Wer darf mein Kind miterziehen?
„Letztens schimpfte eine Nachbarin mit meinem Sohn (3). Der wurde daraufhin noch frecher, also griff ich ein und erklärte ihm die Situation. Später fragte mich die Nachbarin, ob es okay sei, dass sie da mal was sage. Man sagt, ‚Um ein Kind zu erziehen, braucht es ein ganzes Dorf‘, aber wer darf bei der Erziehung eigentlich mitreden?“
Das berühmte Dorf, das man braucht, um ein Kind großzuziehen, wird sehr gern in Erziehungssituationen herangezogen. Leider nicht immer in der Art, in der es eigentlich gemeint war. Es handelt sich dabei nämlich um ein afrikanisches Sprichwort, und es geht um das Aufwachsen in engen, familiären Gemeinschaften. Alle Kinder und Erwachsenen kennen sich sehr gut und leben in engerer Verbundenheit miteinander, als wir es heute mit unseren Nachbarn tun. In diesen Gemeinschaften gibt es einen Konsens über Normen und Werte, nach dem alle leben. Auch in Erziehungsfragen.
Vertrauensvolles Verhältnis
Enge Verbundenheit und gleiche Wertvorstellungen sind Grundvoraussetzungen dafür, dass jemand in die Erziehung unserer Kinder eingebunden wird. Heute wachsen wir nicht mehr in so engen, natürlich gegebenen Gemeinschaften auf. Die Menschen, die bei der Erziehung mitreden dürfen, suchen wir uns selbst aus. Dass wir mit ihnen ein vertrauensvolles Verhältnis pflegen, Werte teilen und vor allem, dass sie auch unseren Kindern nah genug sind, dass diese sich von ihnen begleiten lassen können, ist dabei wichtig.
Dies scheint in Ihrem Fall nicht da gewesen zu sein, und das erklärt auch die Reaktion Ihres Sohnes. Was Sie als „noch frecher werden“ beschreiben, ist für mich ein Ausdruck dafür, dass die Ansprache der Nachbarin für ihn nicht in Ordnung war. Er hat wahrscheinlich versucht, sich vor der Einmischung einer Person, die ihm nicht vertraut genug war, zu schützen. Ihr Sohn hat eine sehr gesunde Reaktion gezeigt, indem er erst einmal seine persönlichen Grenzen gewahrt hat.
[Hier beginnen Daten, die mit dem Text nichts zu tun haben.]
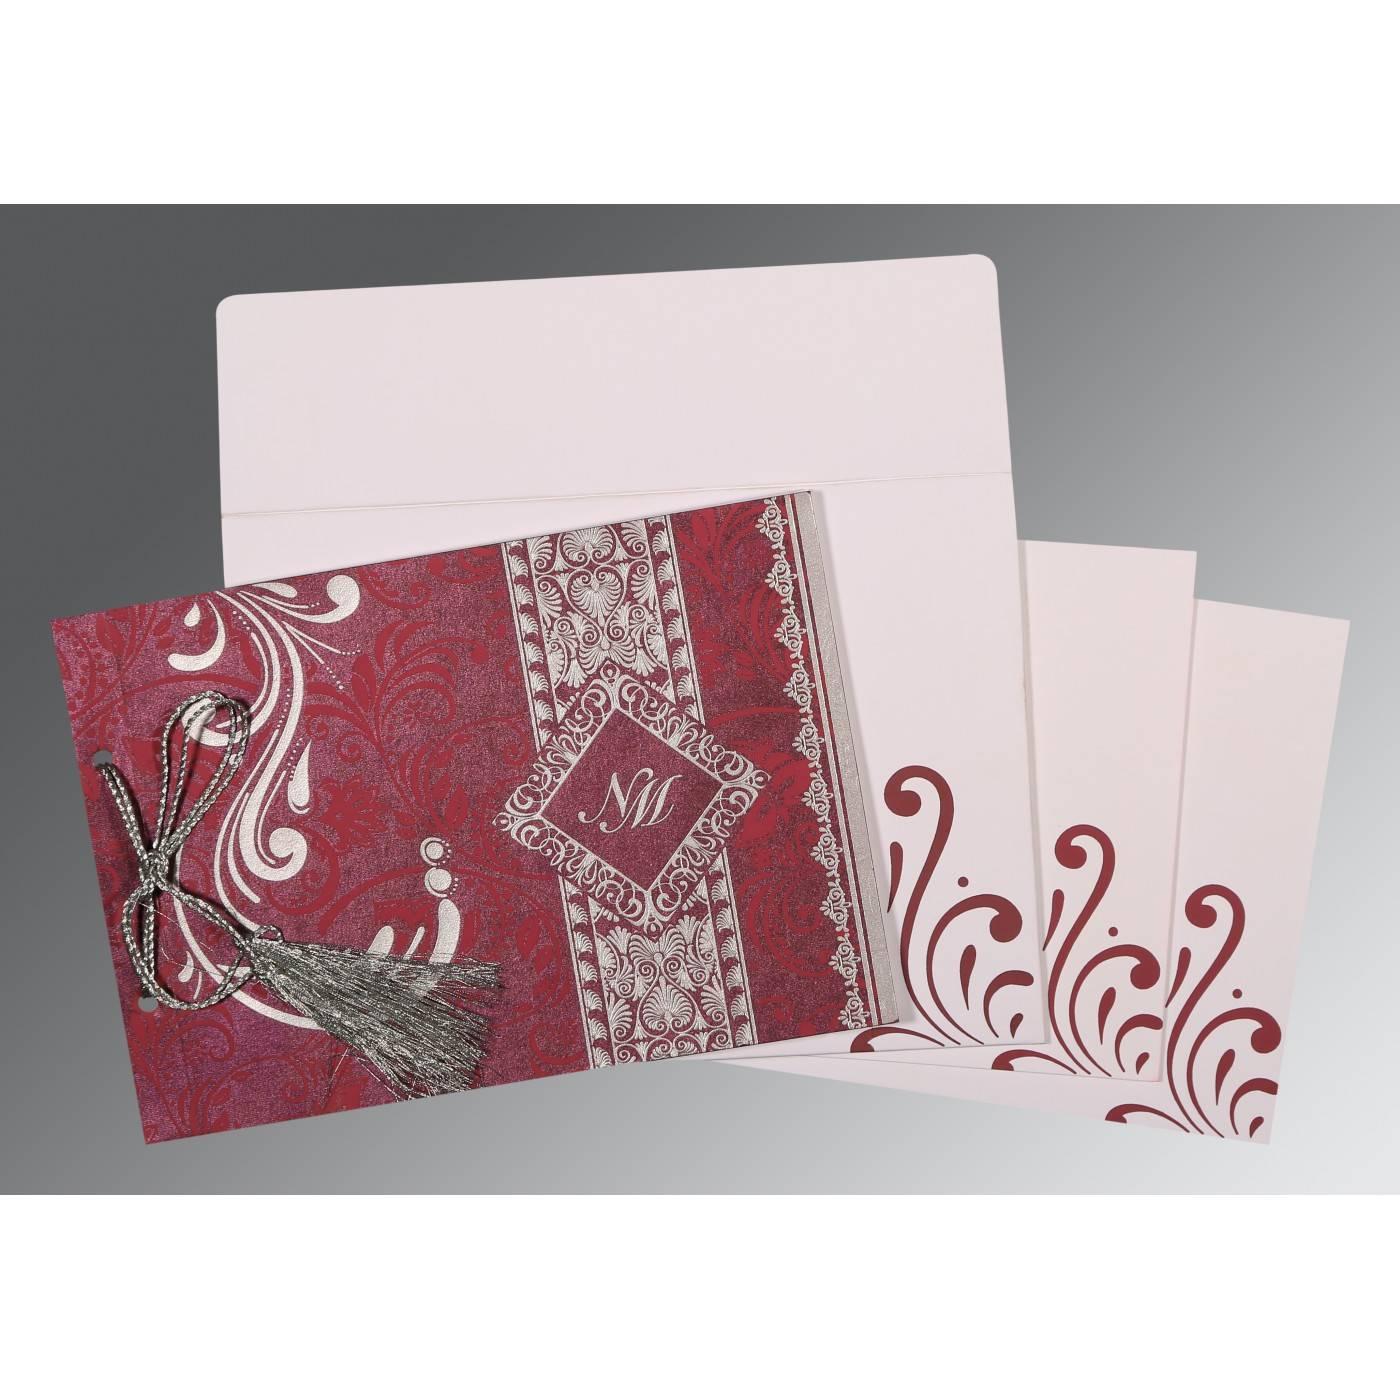 RAISIN SHIMMERY SCREEN PRINTED WEDDING CARD : CIN-8223J - IndianWeddingCards

Entscheiden, wer miterzieht
Das bedeutet aber nicht, dass es grundsätzlich falsch ist, wenn andere unseren Kindern etwas sagen, was ihnen nicht passt, auch wenn sie ihnen nicht so nahestehen. Wenn ein anderes Kind mit seinem Verhalten unsere persönlichen Grenzen verletzt, darf das angesprochen werden. Hier muss man zwischen Miterziehen und dem Setzen persönlicher Grenzen unterscheiden. Wer miterziehen darf, das entscheiden Sie. Das Recht, die eigenen Grenzen zu kommunizieren, hat dagegen jeder. Gerade kleine Kinder sind aber häufig überfordert, wenn fremde Personen mit ihnen schimpfen, und verstehen oft gar nicht, was sie gerade falsch gemacht haben. Deshalb finde ich Ihre Reaktion – eingreifen und Ihrem Sohn erklären, was die Nachbarin gestört hat – genau richtig. Wir als Eltern tragen bei so kleinen Kindern die Verantwortung dafür, dass sie die Grenzen anderer Menschen wahren.
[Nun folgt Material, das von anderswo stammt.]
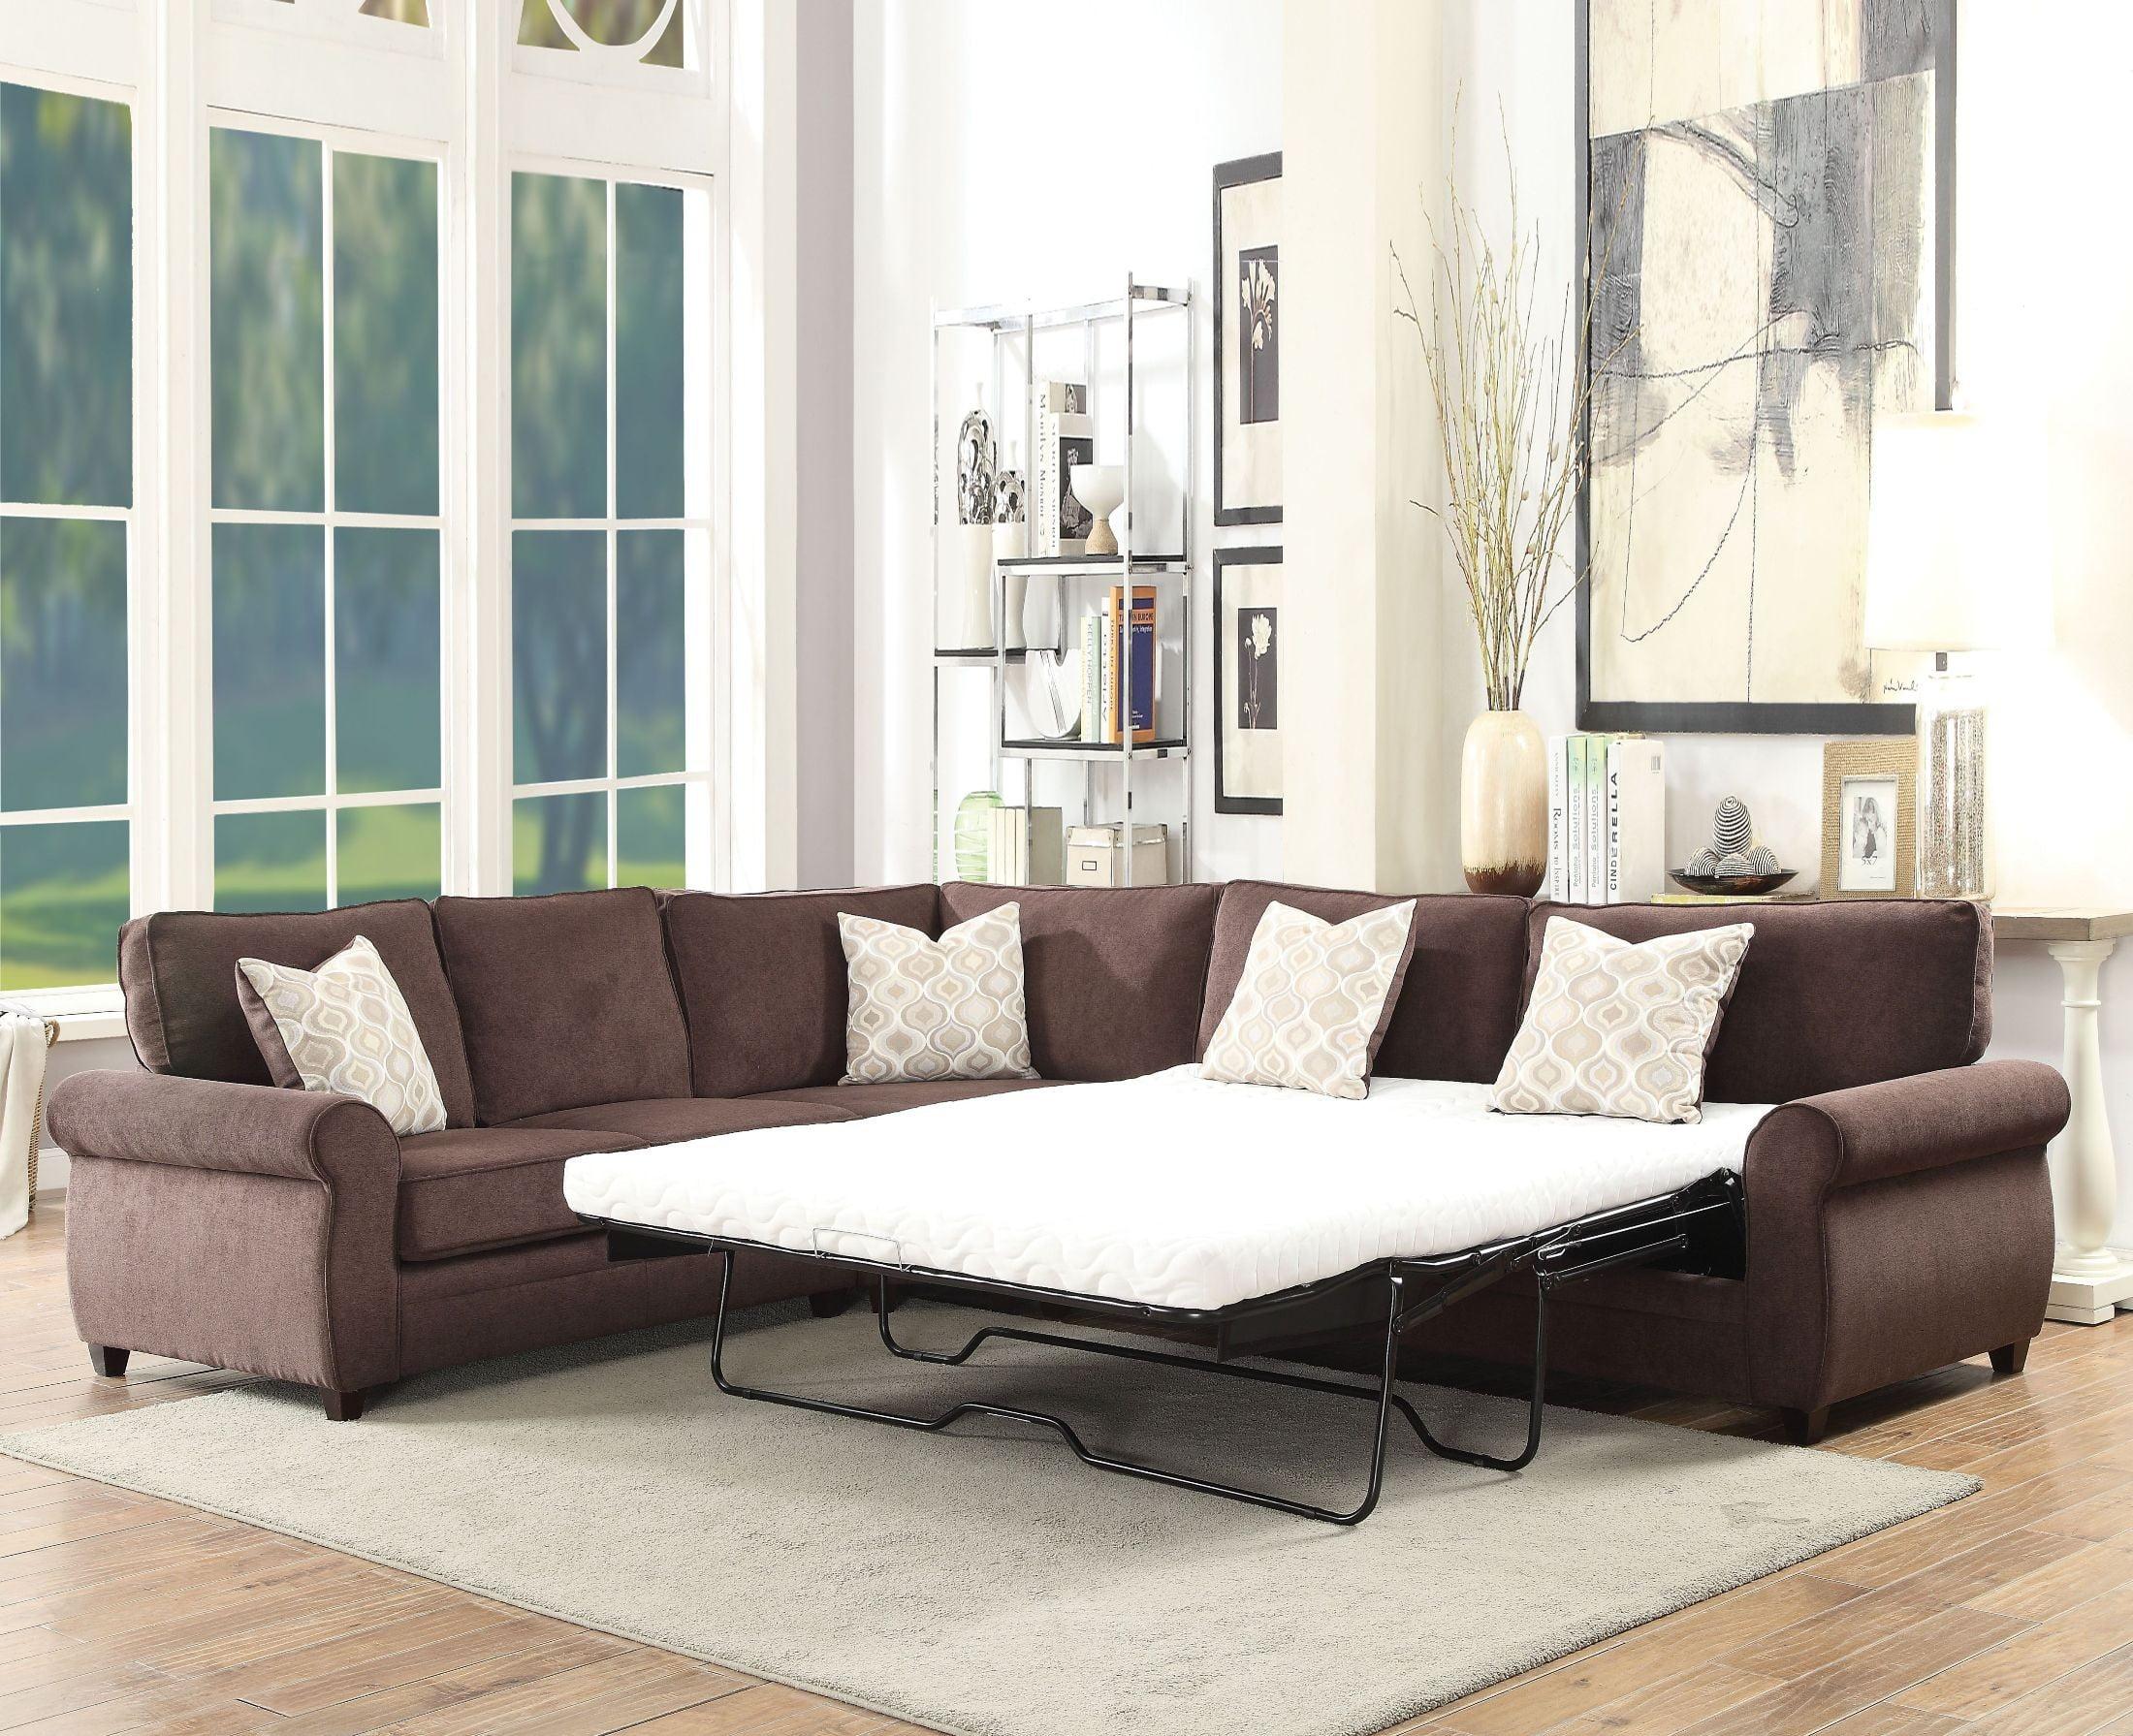 Randolph Chocolate Chenille Sectional Sofa Sleeper from Acme ...

Sprechen Sie noch mal mit Ihrer Nachbarin über die Situation und erklären Sie, dass Ihr Sohn noch zu klein ist, um zu verstehen, was falsch gelaufen ist, und dass er sie auch noch nicht gut genug kennt, um von ihr anzunehmen, wenn sie „mal was sagt“. Schlagen Sie ihr vor, stattdessen mit Ihnen zu sprechen, wenn sie etwas am Verhalten Ihres Sohnes stört.
Daniela Albert ist Erziehungswissenschaftlerin und Eltern- und Familienberaterin und lebt mit ihrem Mann und drei Kindern in Kaufungen (www.eltern-familie.de).